Supplied material:
※ ※ ※

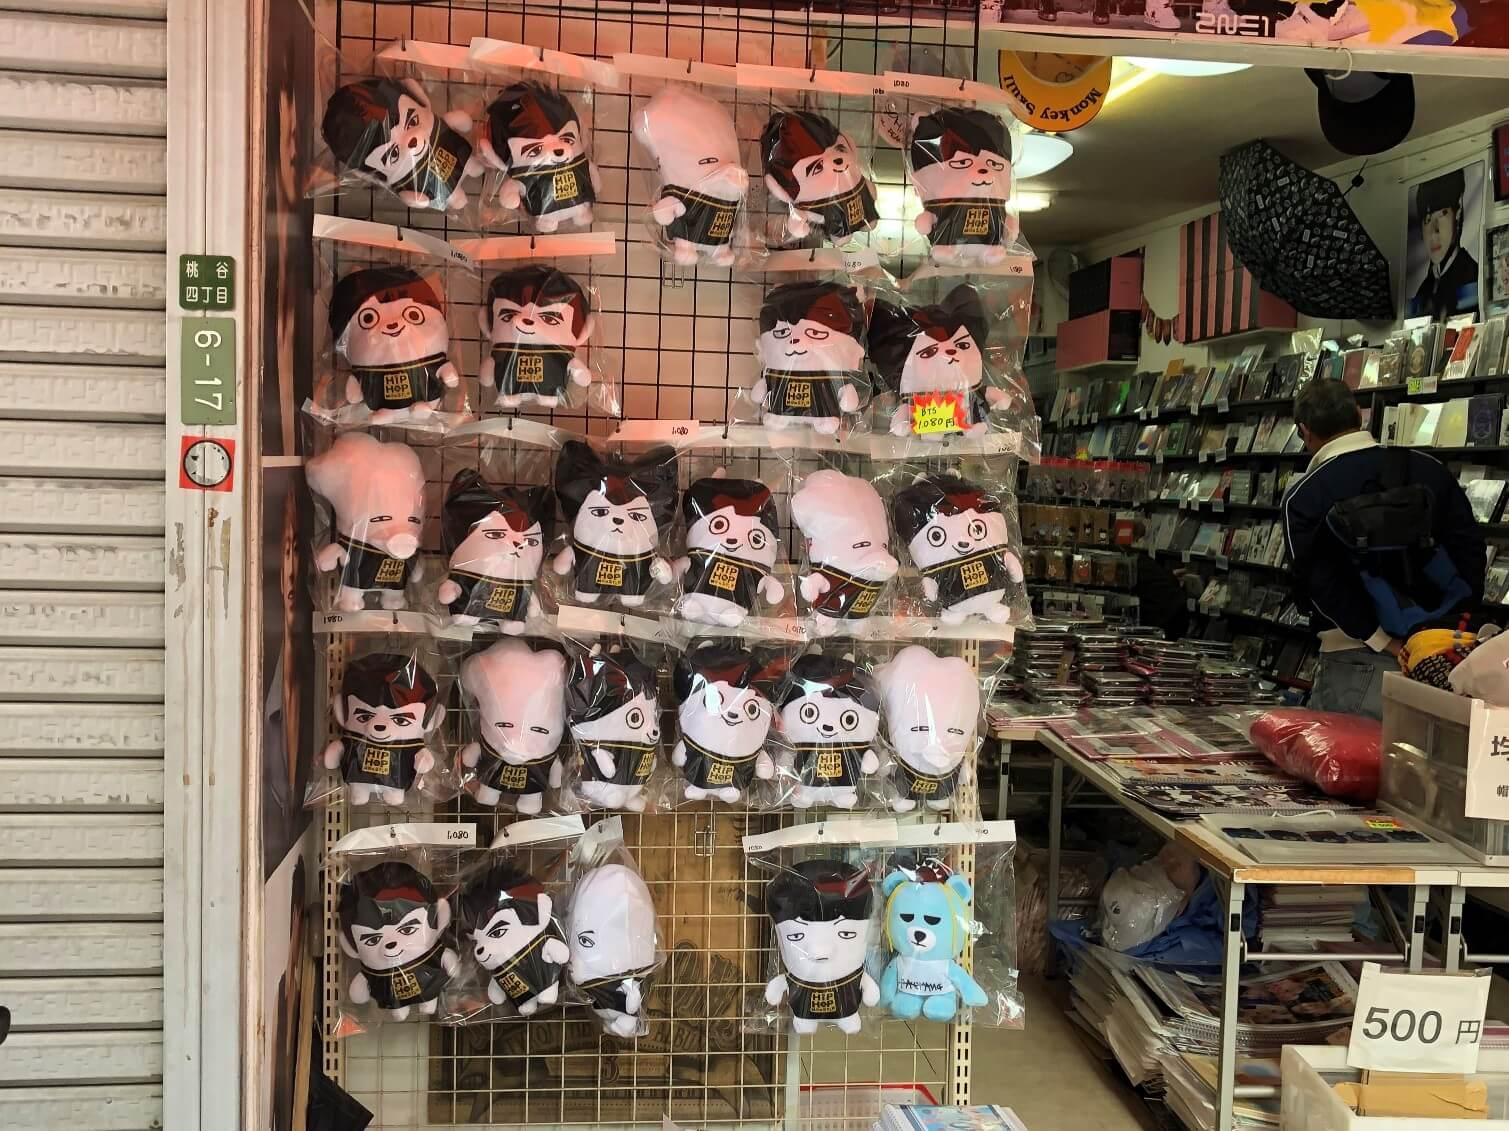 ヨンちゃんの韓流shopで売っているものは?
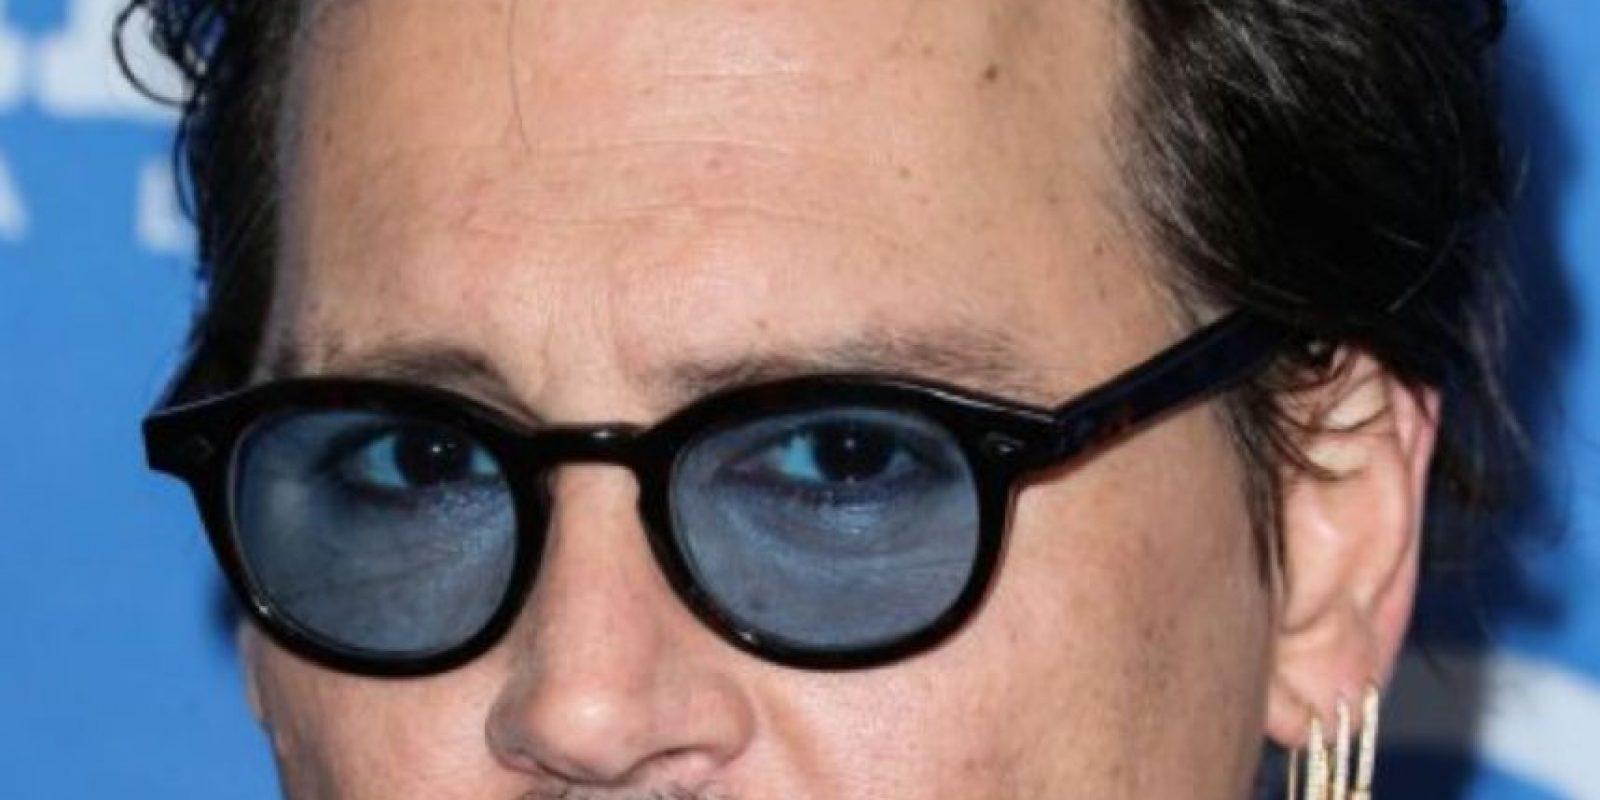 Johnny Depp descuidó tanto su aspecto en todo sentido, que luce así. Foto:vía Getty Images
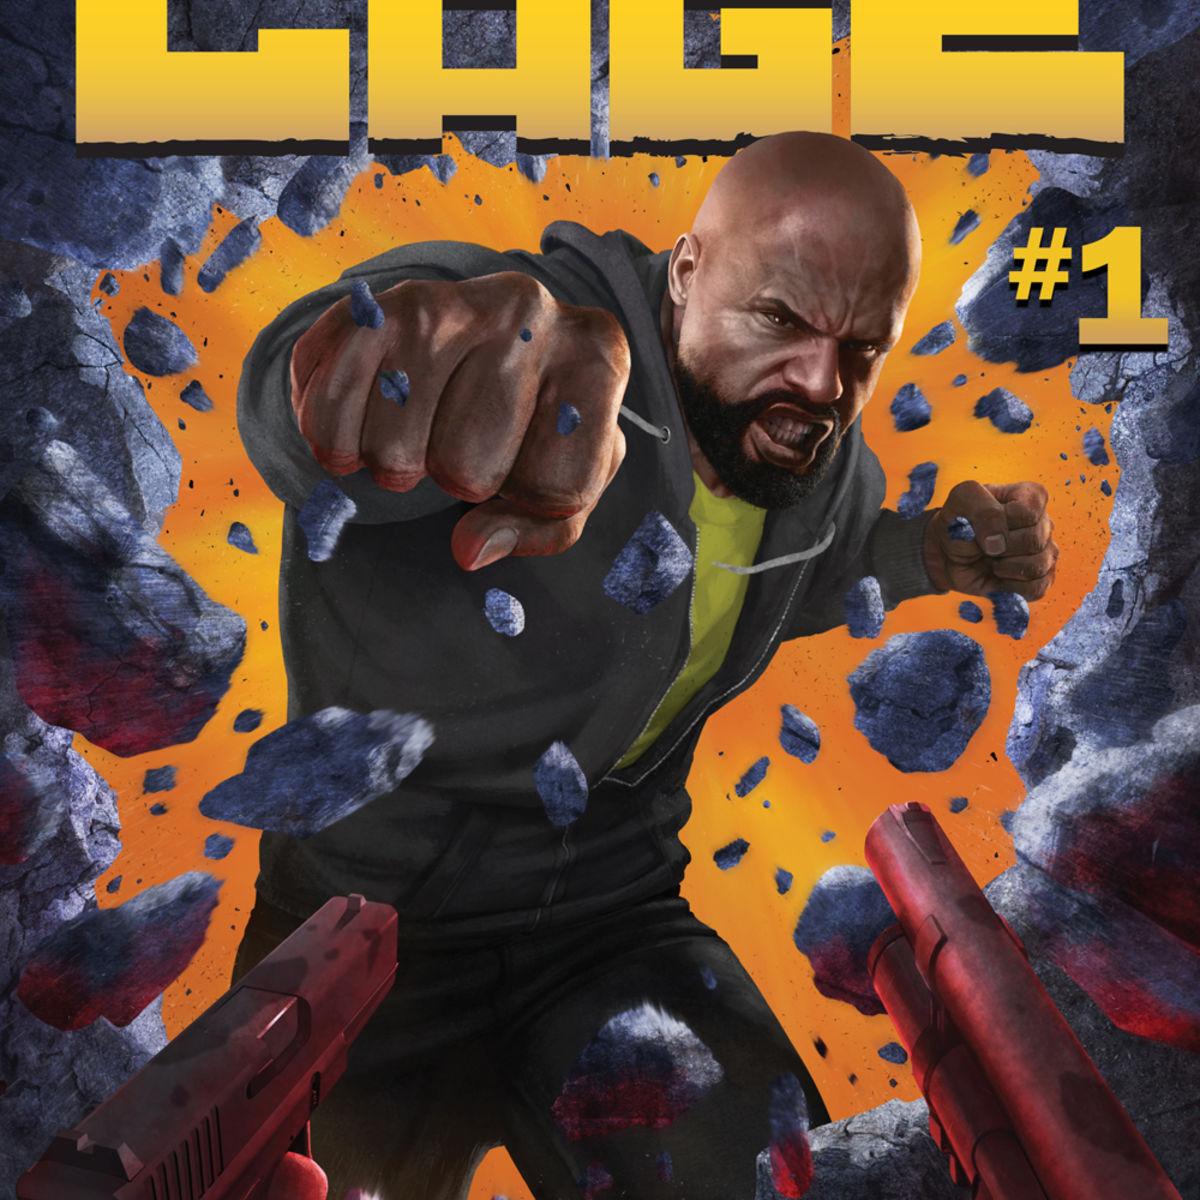 Luke_Cage_1_Cover.jpg

※ ※ ※

Task:
Write out each line of the data exactly; the images should be left out.

Solution to this problem:
 ヨンちゃんの韓流shopで売っているものは?
 Johnny Depp descuidó tanto su aspecto en todo sentido, que luce así. Foto:vía Getty Images
 Luke_Cage_1_Cover.jpg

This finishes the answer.